June 20, 2018
Drag king Manny Dingo takes to the stage to Prince’s “My name is Prince.” Dingo and four queens danced the night away at the Bancroft Eatery and Brew Pub to raise money for local students. / SARAH SOBANSKI Staff
It was standing room only around the stage at the Bancroft Eatery and Brew Pub. LGBT+ community members and allies sipping on rainbow drinks and wearing rainbow costumes cheered as men and women dressed in drag strutted down the aisles between their tables. The kings and queens plucked tips from the hooters and hollerers together celebrating Pride and raising money for local students.
The event was Bancroft’s first and “hopefully annual” drag show, hosted by Century 21’s Curtis Sibley. Stars of the show included Simma Downe (Mitchel Bowers), Penelope (Jorrie Cull) and Lizzy Strange (Lisa Morrison), Mona Pleazure (Jonah Patterson) and Manny Dingo (Joee Smith). Between specialty cocktails, an auction and more than 140 tickets sold, the show managed to raise more than $4,000.
Sibley is hoping to turn that $4,000 into scholarships for a handful of Alphabet Club members at North Hastings High School over the next two years.
“A bunch of friends were telling me that I should host a drag show because it would be a lot of fun to host it in Bancroft,” said Sibley thinking back to how the show came to be. He said he was inspired to raise money for local students because, looking back, that’s when he “struggled the most” as a member of the LGBT+ community.

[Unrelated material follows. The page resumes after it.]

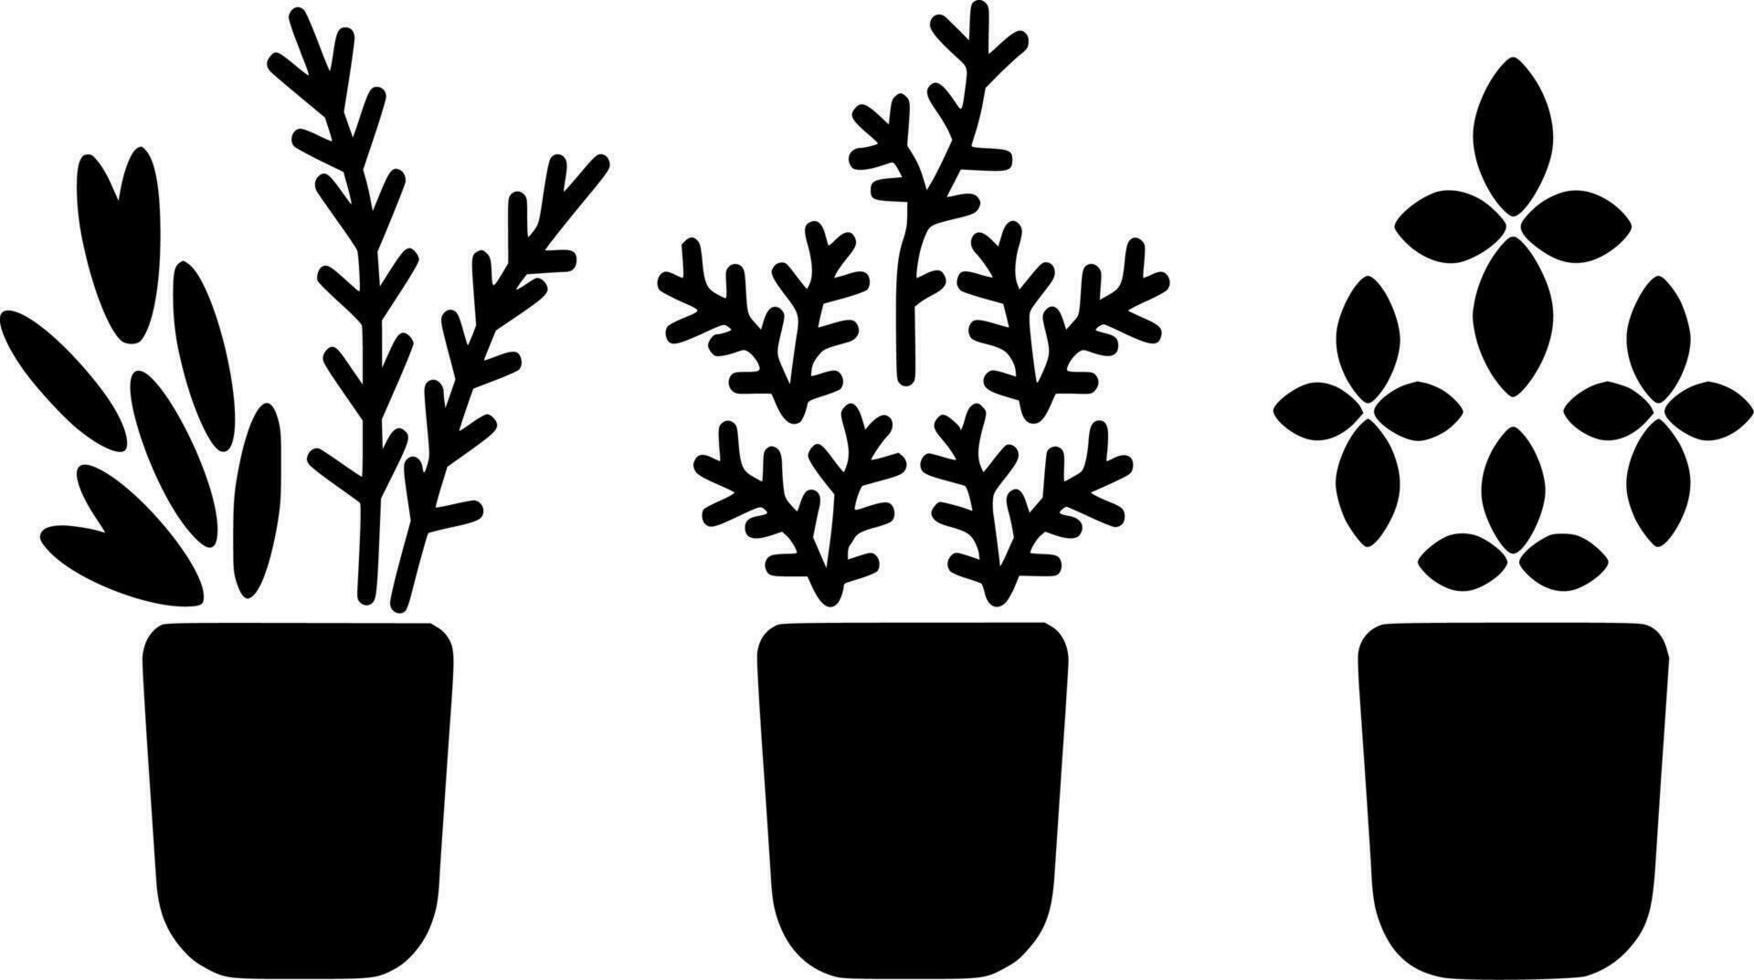 Vektor Silhouette von Zuhause Pflanze auf Weiß Hintergrund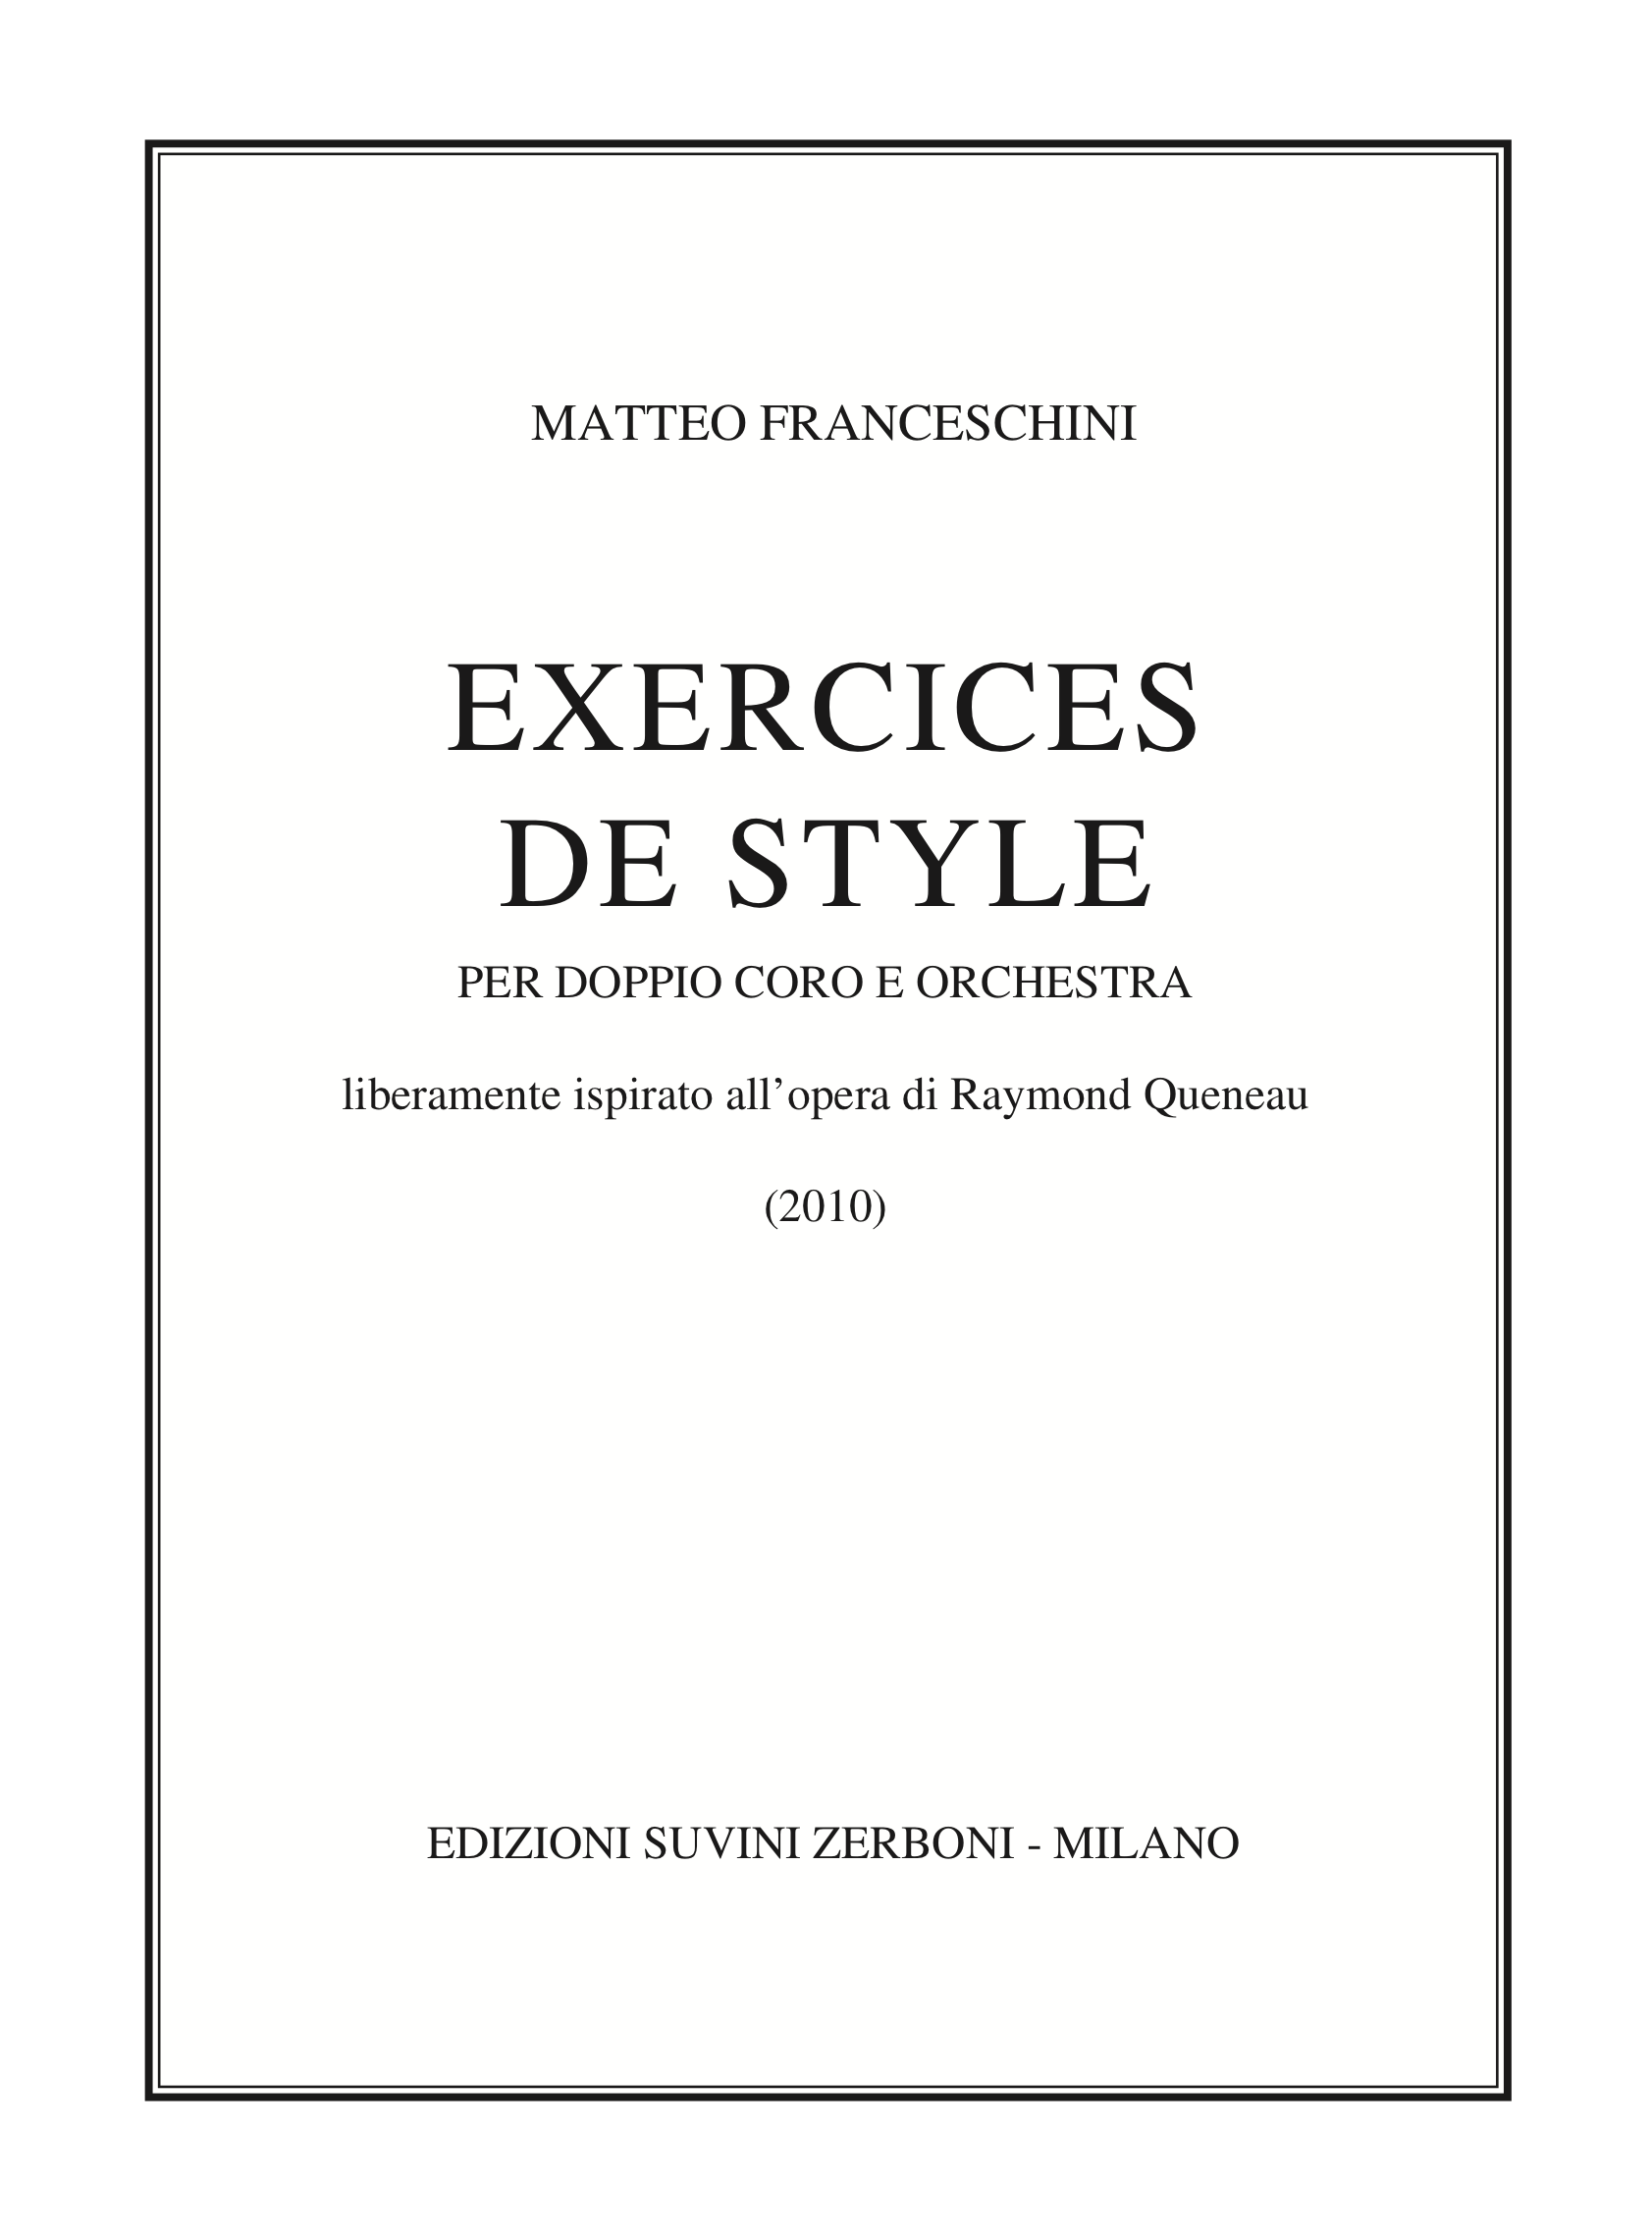 Exercices de style_Franceschini 1

“It was definitely through schooling and my younger years and a lot of high school. So I thought if I could help those kids that would be really awesome,” said Sibley.
Sibley said the scholarships could go to LGBT+ members of the club or allies in the club.
“The way I see it is, if there’s a straight person in the group who is fighting for and helping a gay student who is having a hard time they should be entitled to it just as well,” he said, but he wasn’t sure how the selection process would happen yet. He said he was planning on talking to the school soon to see how best to select recipients.
Sibley said awareness and acceptance of the LGBT+ community has improved since he was in school. He said there are “a lot more out students” at the high school than there was when he and
Bowers went there. Both were raised in Bancroft.
Sibley wanted to thank the pub for donating the venue for the fundraiser and accommodations for the show’s performers. He also wanted to thank his family.
“Without [them] I wouldn’t have had the courage to put [the show] on in my hometown,” he said.
Sibley said he hoped the event also spread awareness to LGBT+ community members that he was a “gay realtor.” He suggested they might be more comfortable reaching out to purchase properties in the area knowing there were like-minded people and allies in the community.